Some people find help through bereavement support groups where they meet other people facing similar grief issues. These groups are usually available at community centers or local churches. Mindfulness and meditation exercises can also be helpful, and self-care practices such as nutritious eating, adequate rest, exercise and socializing are recommended, Prigerson says.
“We find that those who use daily journaling have significant reductions in the intensity of their symptoms in a short period of time,” says Prigerson.

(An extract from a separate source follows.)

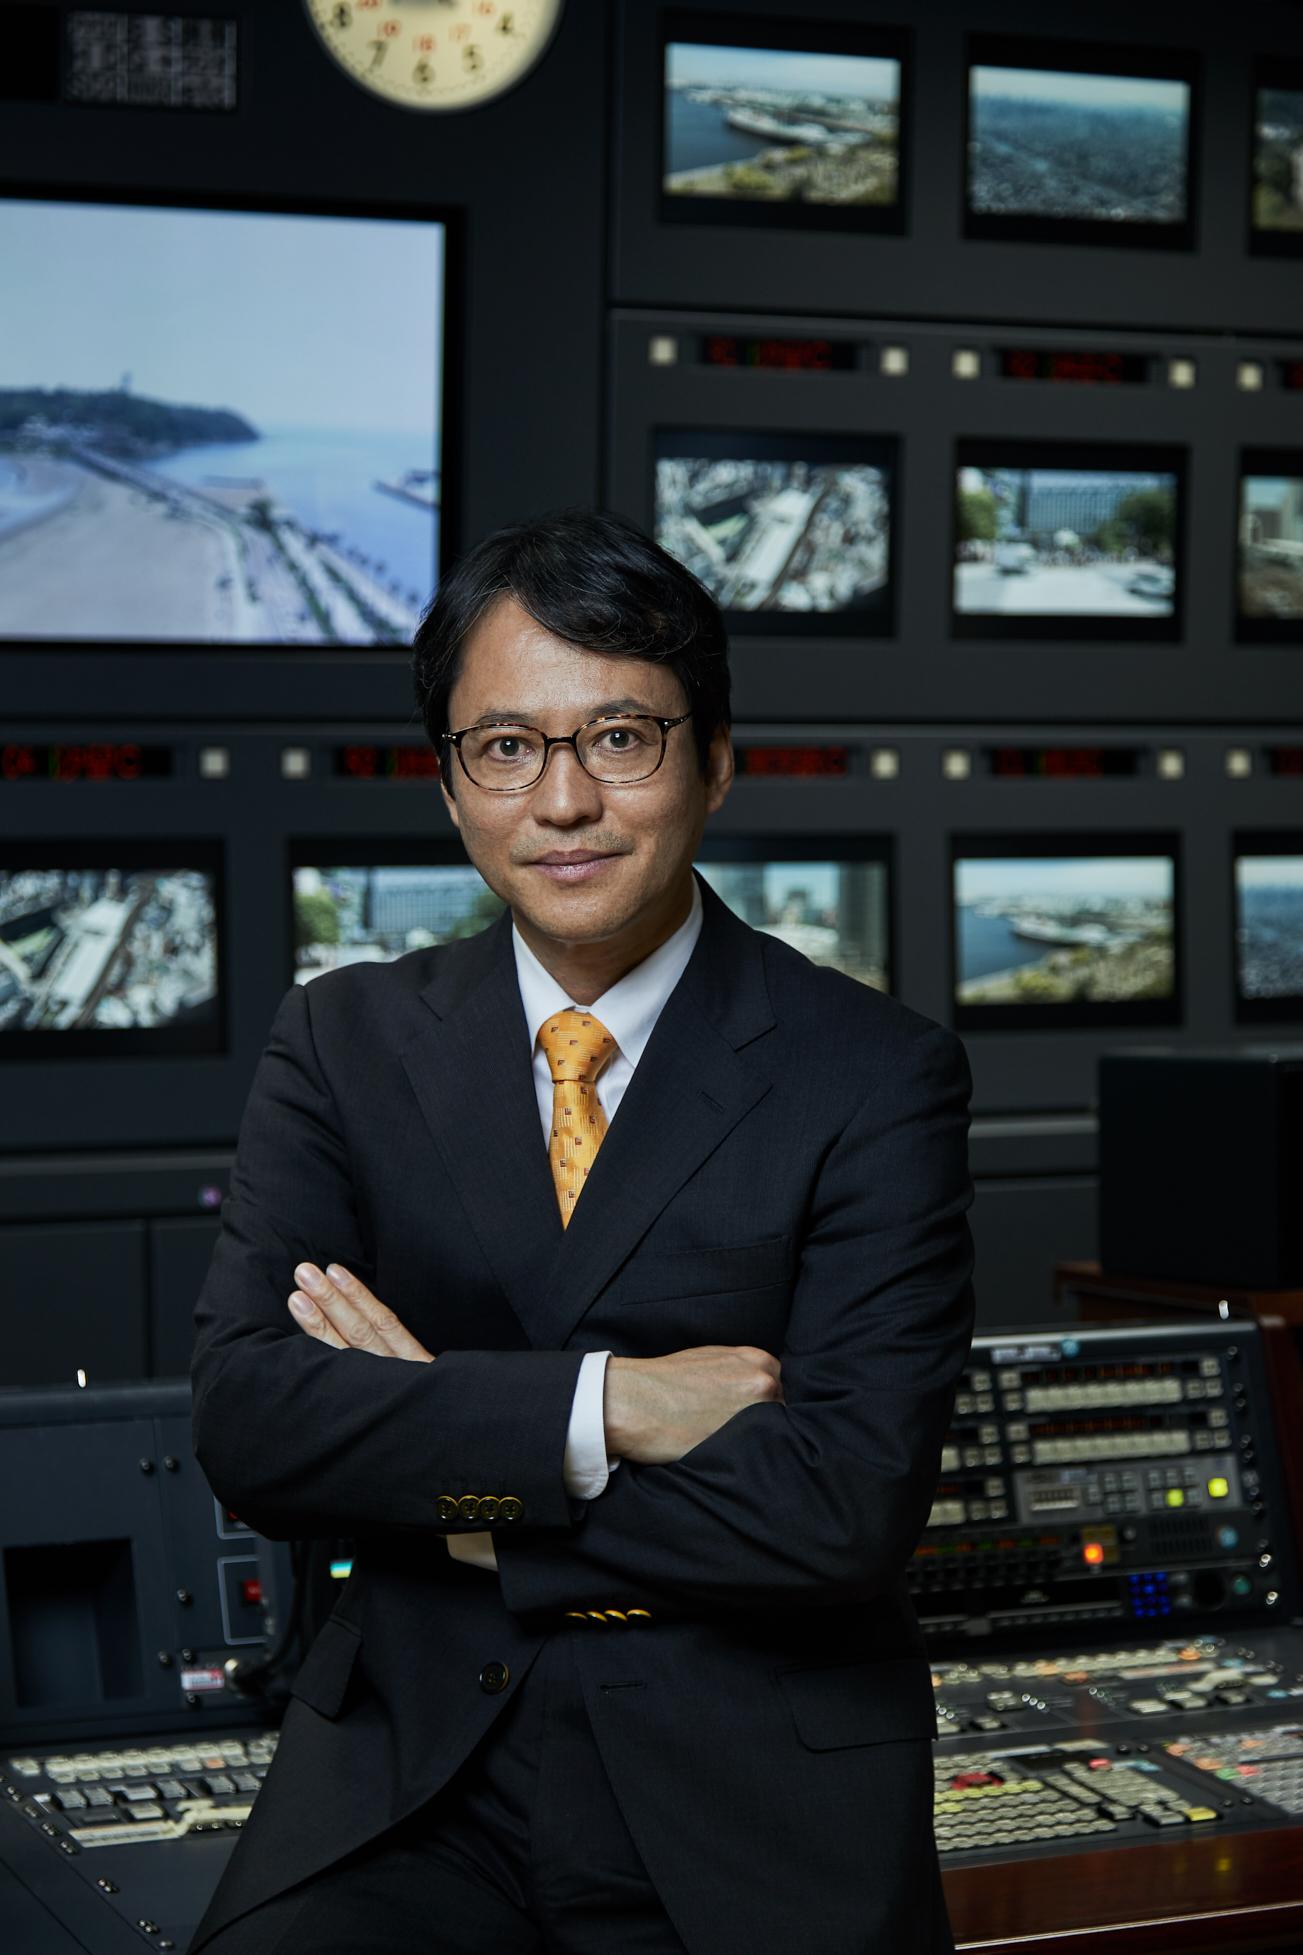 Atsushi Sogo ประธานฝ่ายการพัฒนาธุรกิจระหว่างประเทศ

Antidepressants are often used in the management of prolonged grief disorder, but only a few studies have tested their effectiveness. One study divided nearly 400 bereaved adults into four groups: those receiving the antidepressant citalopram alone, placebo alone, complicated grief treatment with citalopram, and complicated grief treatment plus placebo. At the end of the study, the researchers showed that citalopram did not improve the response rate to treatment for complicated grief.
A follow-up article to this study looked at 58 people who lost someone to suicide. Patients were treated with citalopram plus complicated grief support compared to those treated with placebo with simple grief support or complicated grief support. The study showed that adding the antidepressant to complicated grief support provided no additional benefit over placebo and grief support.
“These studies show that treating complicated grief is the optimal therapy for prolonged grief and that the addition of citalopram only helps co-occurring symptoms of depression,” Shear says.